43 min later 53007654 Anonymous
>>53007375 >its kind of a long story how i ended up deciding to quit so ill skip it don't you want to tell your story to someone though? come on don't be shy

57 min later 53007814 Anonymous
You do realise you can be a drug user and even abuser as long as it isn't heroin and be productive right?

1 hours later 53008341 Anonymous
>>53007237 I'm stoned now. Stop telling so many truths, holy shit, i'm already deep enough in this "habit"

2 hours later 53008373 Anonymous
>>53007237 Quit?? Cocaine use is how I'm turning my social life around! Got one coke buddy and we are going to start hitting clubs and parties.

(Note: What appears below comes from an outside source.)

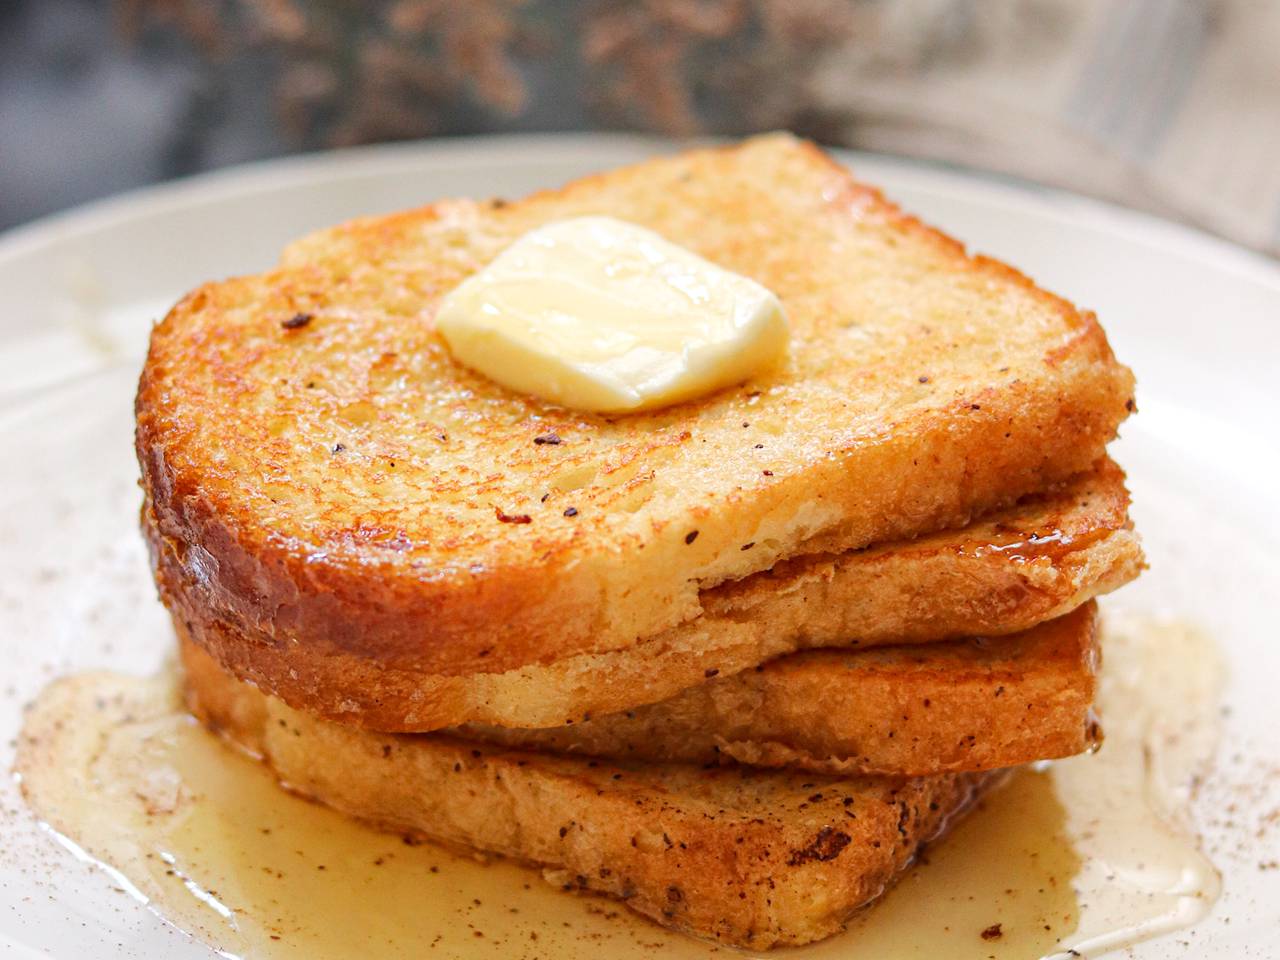 Yummy cinnamon French toast for breakfast

2 hours later 53008423 Anonymous
can completely relate OP. im currently addicted to opioids, gabapentin and valium. kicked a heavy speed habit months ago, but really fucking miss it and have been using once a week for the last month or so. im su fucking unhappy and anxious and was long before drugs. im pretty sure i have heart damage, and maybe kidney damage but dont want to lose the last thing that brings me any join at all

2 hours later 53008534 Anonymous
>>53007237 I was a porn addict for 12 years. I discovered fapping when I was 8 years old and started watching porn when I turned 12. I knew porn was bad for me about 7 years ago and had series of nofap streaks in effort to quit porn, 99% of the time shorter than 2 weeks. I'm 24 now and it took me 16 years to have a problem free nofap streak lasting a month. Today is my 35th day of nofap. In February I decided to start dramatic changes in my diet to lose weight. I went on a keto diet. I would cheat on my keto diet once a week...then once every two weeks...then every three weeks. Every time I cheated on my keto diet I realized my urges to fap increased tremendously. That was when I saw the connection between diet and fapping. I went on a fast and stopped eating for multiple days, that suddenly made me lose desire to cheat on my keto diet. Because I wasn't cheating on my keto diet I lost desire to fap. I read stories about other people who fasted and they too lost their addictions, addictions for smoking and drinking. Fasting is what I would do if I was addicted to drugs and wanted to quit. It is necessary to remove bad food from your diet in order to feel good enough to not want drugs to feel good, and fasting is what made me lose my cravings for junk food, therefore my cravings to fap. Drugs are an escape from depression or just feeling shitty in general. Fight your depression with proper diet, exercise, and MODERATE amount of caffeine then you won't feel desire to escape your mental state with street drugs. Junk carbohydrates are what I needed to avoid to feel decent again, it is up to you to find what your proper diet is.

2 hours later 53008646 Anonymous
>>53008534 People have said in nofap community that porn was harder for them to quit than heroin. If I can quit porn, you can quit drugs too. Start with fasting, that's what cause the body to do some deep detoxing. Look up autophagy if you want to know the scientific perspective on fasting and detoxing. I personally saw my mental state change during my extended fasts, mostly for the better and I saw the bad times during my fast as good and necessary for my transformation. Like withdrawing from drugs cause you to suffer, but you see it as necessary and good at the end, that's what fasting is, withdrawing from bad food, then you can eat good food and reduce your desire for drugs because you feel good on a good diet, so that you don't need drugs to feel good. This is the key reason why I can finally quit fapping, because I feel good now, so I don't feel the need to fap to feel good.